Cross-lane operates on specific values, not entire thread state. Swapping all registers would merely swap thread identities.

This is fast because all threads in a wave share the same physical register file. The alternative—communicating through shared memory—requires explicit stores, synchronization, and loads.

Temporal SIMT

Building a 64-wide SIMD unit is expensive. Temporal SIMT uses narrower hardware (e.g., 16-wide) and issues the same instruction multiple times across cycles.

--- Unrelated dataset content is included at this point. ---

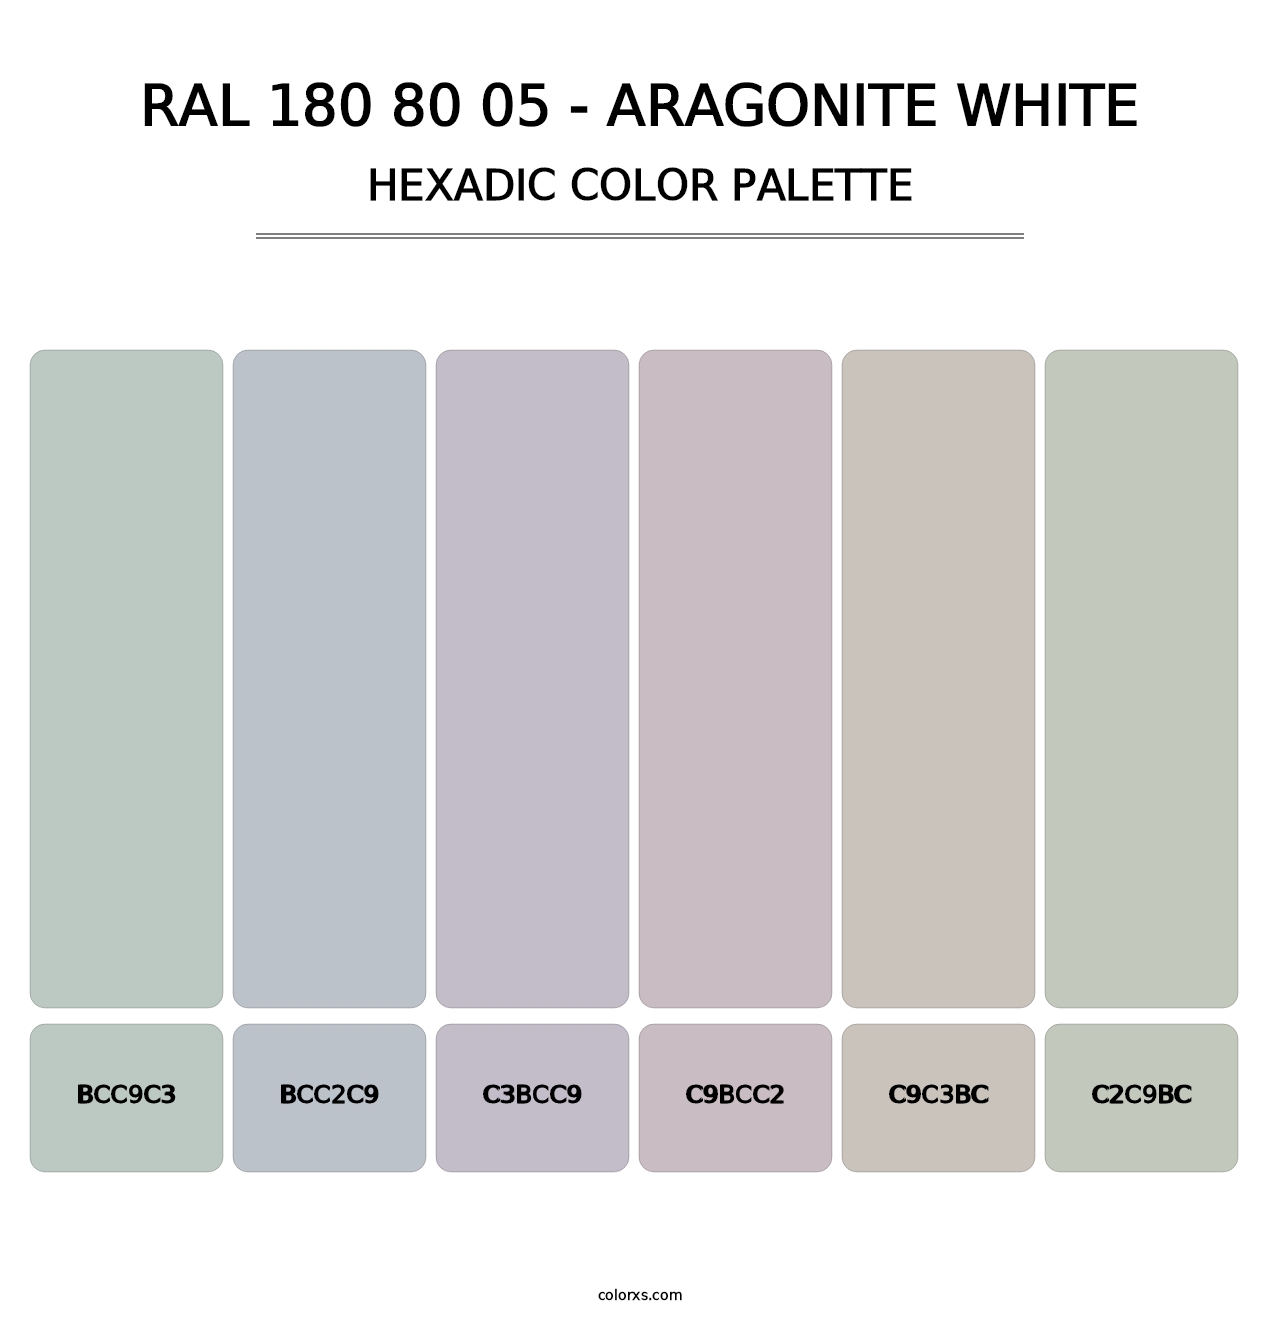 RAL 180 80 05 - Aragonite White - Hexadic Color Palette

AMD GCN uses 16-wide SIMD blocks. A 64-thread wave completes one instruction over 4 cycles:

Cycle 1: threads 0-15
Cycle 2: threads 16-31
Cycle 3: threads 32-47
Cycle 4: threads 48-63

The advantage emerges when considering multiple waves. A GPU processing thousands of pixels has many waves in flight. GCN’s scheduler can interleave them:

Cycle 1: Wave 0, threads 0-15
Cycle 2: Wave 1, threads 0-15
Cycle 3: Wave 2, threads 0-15
Cycle 4: Wave 3, threads 0-15
Cycle 5: Wave 0, threads 16-31
...

If Wave 0 stalls waiting for memory, the scheduler continues with other waves. A 64-wide design completing whole waves per cycle has fewer interleaving opportunities.

GPU Memory Hierarchy

GPUs have dedicated VRAM (the “16GB” in product specs), physically separate RAM on the graphics card. The hierarchy:

LevelLatency
Registers~1 cycle
L1 Cache~20 cycles
VRAM~200-400 cycles

VRAM has high bandwidth but high latency. Memory stalls are the primary reason GPUs maintain many waves in flight—while one wave waits for data, others execute.

Core Structure

A GPU core contains several components:

┌──────────────────────────────┐
│           Core               │
│                              │
│  ┌─────┐ ┌─────┐ ┌────────┐  │
│  │ ALU │ │ ALU │ │ Load/  │  │
│  │     │ │     │ │ Store  │  │
│  │     │ │     │ │ Unit   │  │
│  └──┬──┘ └──┬──┘ └───┬────┘  │
│     └───────┴────────┘       │
│              │               │
│      ┌───────┴───────┐       │
│      │   Registers   │       │
│      └───────────────┘       │
└──────────────────────────────┘

ALUs perform arithmetic only. The Load/Store Unit handles memory requests separately. When a shader loads from memory:

  1. Load/Store Unit sends request to memory controller
  2. ALU is immediately free
  3. Memory controller fetches data (200+ cycles)
  4. Data arrives in registers
  5. Wave can continue

The wave blocks (cannot proceed without data), but the ALUs are available for other waves. This separation is what enables latency hiding through wave interleaving.